Discover the top 5 penny stocks you may purchase now for profit. Get started with sensible investing now! 📈

What Is a Penny Stock?

Penny stocks, priced at less than $5 per share, have a lot of risk but can promise big profits. These equities are linked to little, frequently volatile businesses that do not have a strong track record or trustworthy financials. While some investors have made significant returns, others have lost much money. When considering penny stocks as part of their investment strategy, investors should do their homework, comprehend the dangers, and proceed carefully.

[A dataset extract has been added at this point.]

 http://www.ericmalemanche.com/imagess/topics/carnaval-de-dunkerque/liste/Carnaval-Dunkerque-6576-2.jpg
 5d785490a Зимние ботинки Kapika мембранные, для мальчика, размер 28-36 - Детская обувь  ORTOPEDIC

Penny stocks are shares of micro- and small-cap firms that can yield higher-than-average returns for investors. However, they also come with a significant risk. Their low liquidity makes it more difficult to exit a position when necessary, increasing price volatility. Furthermore, market participants can manipulate penny stocks, emphasizing the significance of comprehensive research and due diligence for potential investors.

Top 5 Penny Stocks List

Let’s explore the best penny stocks to buy now.

VAALCO Energy (EGY)

VAALCO Energy

Independent oil and gas exploration and production firm VAALCO Energy in Texas focuses on holdings in Western Canada and West and North Africa.

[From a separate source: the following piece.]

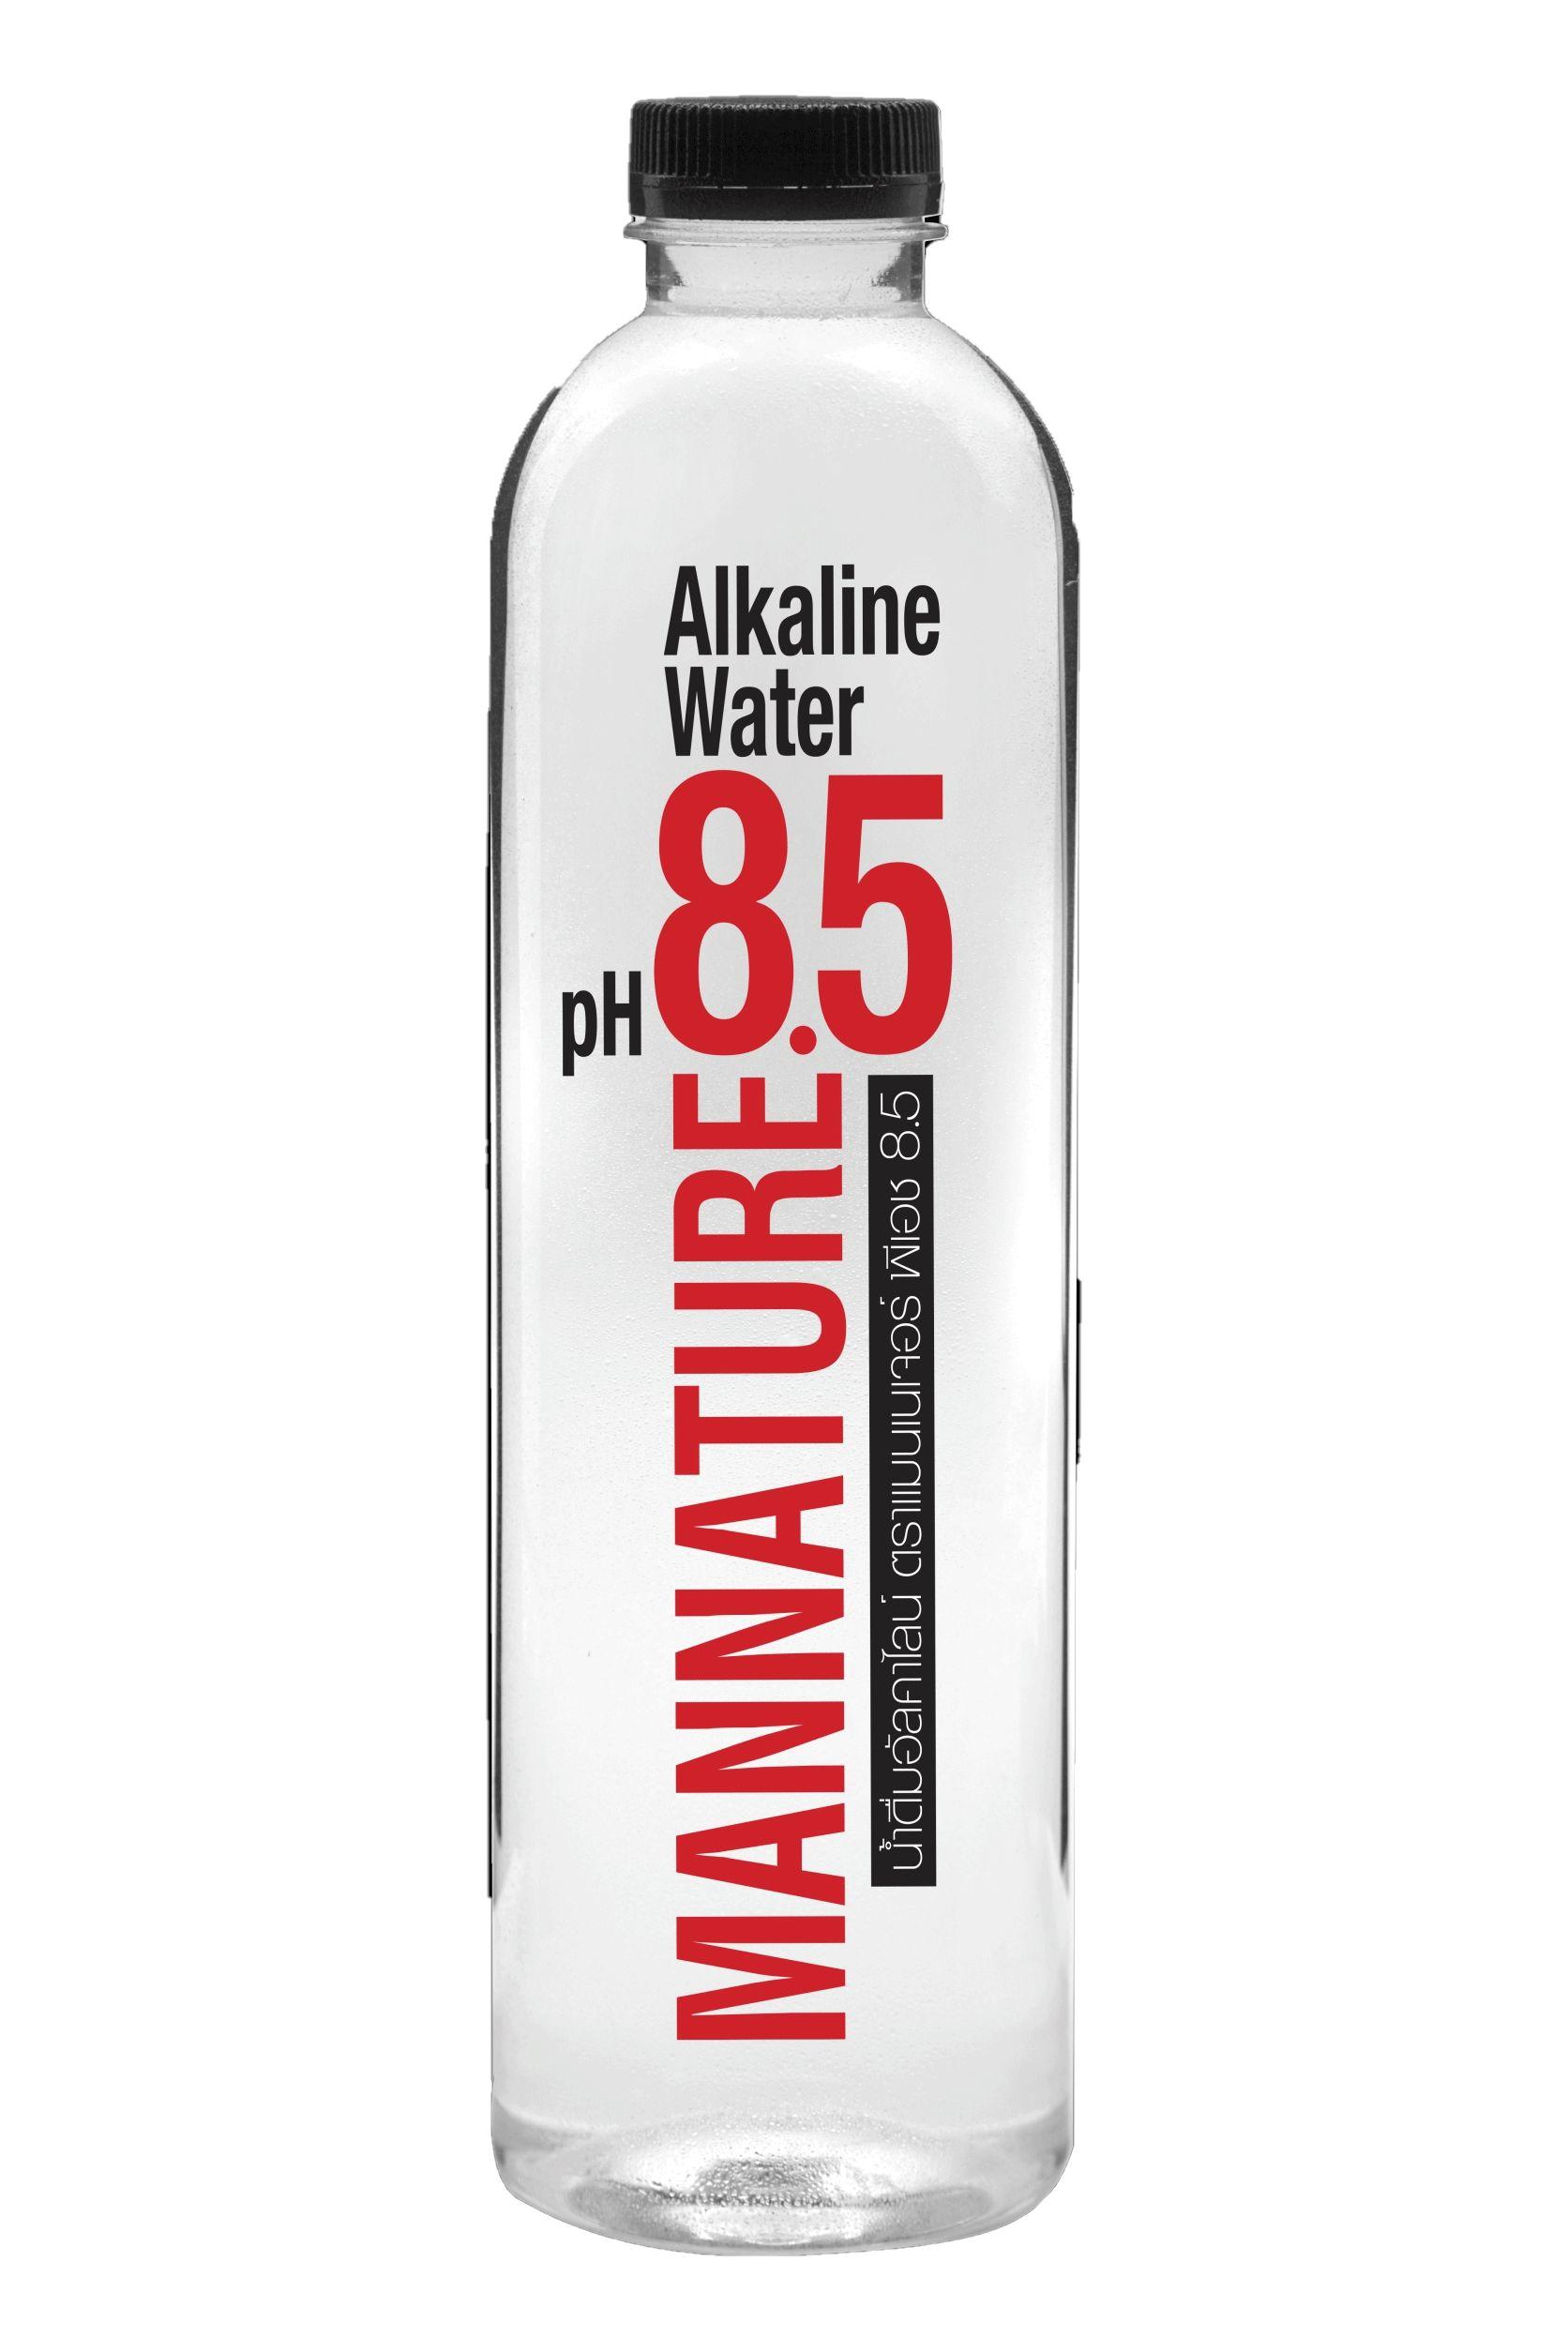 น้ำดื่มอัลคาไลน์ (น้ำด่าง) ตราแมนเนเจอร์

The tight global energy markets were further unsettled by Russia’s invasion of Ukraine in 2022. The energy sector has seen unprecedented profits due to constraints in the world’s energy supply and inflation in commodity prices.

Despite decreased commodity prices, VAALCO claimed a 20% year-over-year rise in output in August of 2023.

Additionally, EGY has a current yield of about 5.46%. Since penny companies rarely pay dividends, VAALCO’s management is anticipating strong growth in 2024 based on the company’s decision to increase dividends.

Desktop Metal (DM)

Desktop Metal

The shares of Desktop Metal (NYSE: DM), a 3D printing company, fell below $1 per share, approaching penny stock territory. The company faced severe difficulties due to rising financing rates. The price had peaked at $30 in 2021. But Desktop Metal emerged from the crisis stronger than ever, setting itself up for a possible comeback in the upcoming penny stock surge.

In contrast to the prior philosophy of prioritizing growth at any cost, especially while debt was cheap, executives, board members, and shareholders of companies such as Desktop Metal learned important lessons after the period of near-zero interest rates (ZIRP). Penny stocks that adjusted to the shifting economic environment came out stronger monetarily, more capable of navigating unforeseen challenges in the future, and more prepared to profit when the stars align in their favour.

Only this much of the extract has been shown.